Basil Briguglio et al., Respondents, v RCP Associates, Doing Business as Rockefeller Group, Respondent, and Westinghouse Elevator Company, Inc., Appellant.
   In an action, inter alia, to recover damages for personal injuries, etc., the defendant Westinghouse Elevator Company, Inc., appeals, as limited by its brief, from so much of an order of the Supreme Court, Nassau County (Roncallo, J.), entered November 15, 1989, as denied its motion for a protective order pursuant to CPLR 3103 pertaining to various disclosure requests.

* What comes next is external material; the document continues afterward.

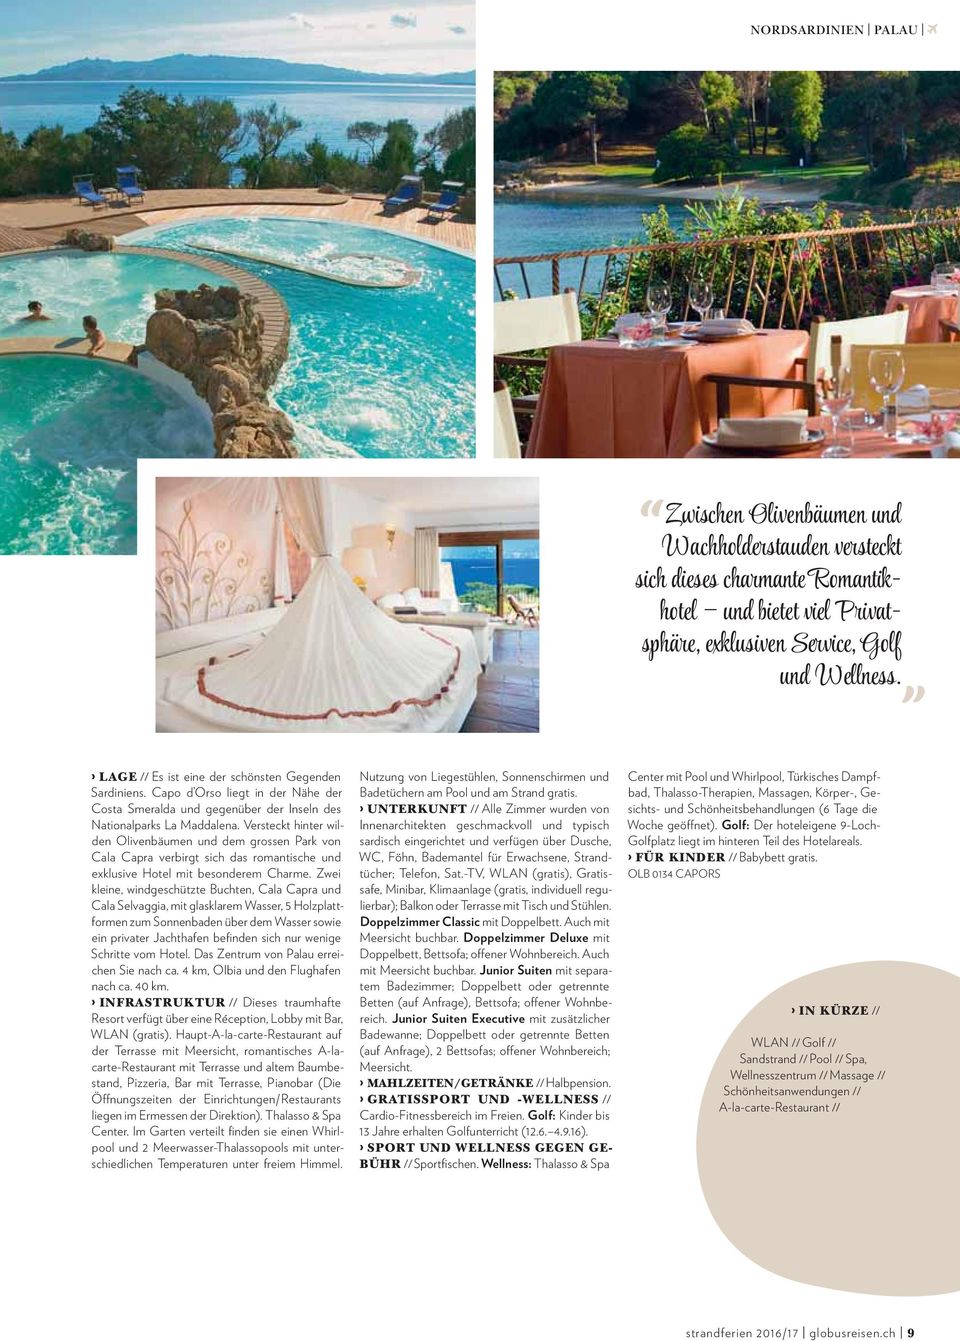 Versteckt hinter wilden Olivenbäumen und dem grossen Park von Cala Capra verbirgt sich das romantische und exklusive Hotel mit besonderem Charme.

Ordered that the order is modified by deleting the provision thereof which denied that branch of the appellant’s motion which was for a protective order precluding the plaintiffs and the codefendant RCP Associates from obtaining certain personnel files, and substituting therefor a provision granting that branch of the motion; as so modified, the order is affirmed insofar as appealed from, with costs to the appellant payable by the defendant-respondent.

The appellant seeks to have this court overturn the Supreme Court’s denial of its motion for a protective order relating to the demands for production of various items made by the plaintiffs and the codefendant RCP Associates. We agree with the appellant that under the circumstances presented there was no adequate basis to justify the granting of the request for the personnel files of three of its employees (see, Stevens v Metropolitan Suburban Bus Auth., 117 AD2d 733). However, we find that the material requested in the remainder of the demands at issue was within the scope of CPLR 3101 (a) and, hence, properly discoverable (see, Allen v Crowell-Collier Publ. Co., 21 NY2d 403, 406-407; AGH Distribs. v Silvertone Fasteners, 105 AD2d 648, 650). Accordingly, the denial of so much of the motion for a protective order as relates to those remaining demands was not an improvident exercise of discretion.

We have reviewed the appellant’s remaining contentions and find them to be unpreserved for appellate review, and, in any event, without merit. Thompson, J. P., Kunzeman, Eiber, Rosenblatt and Ritter, JJ., concur.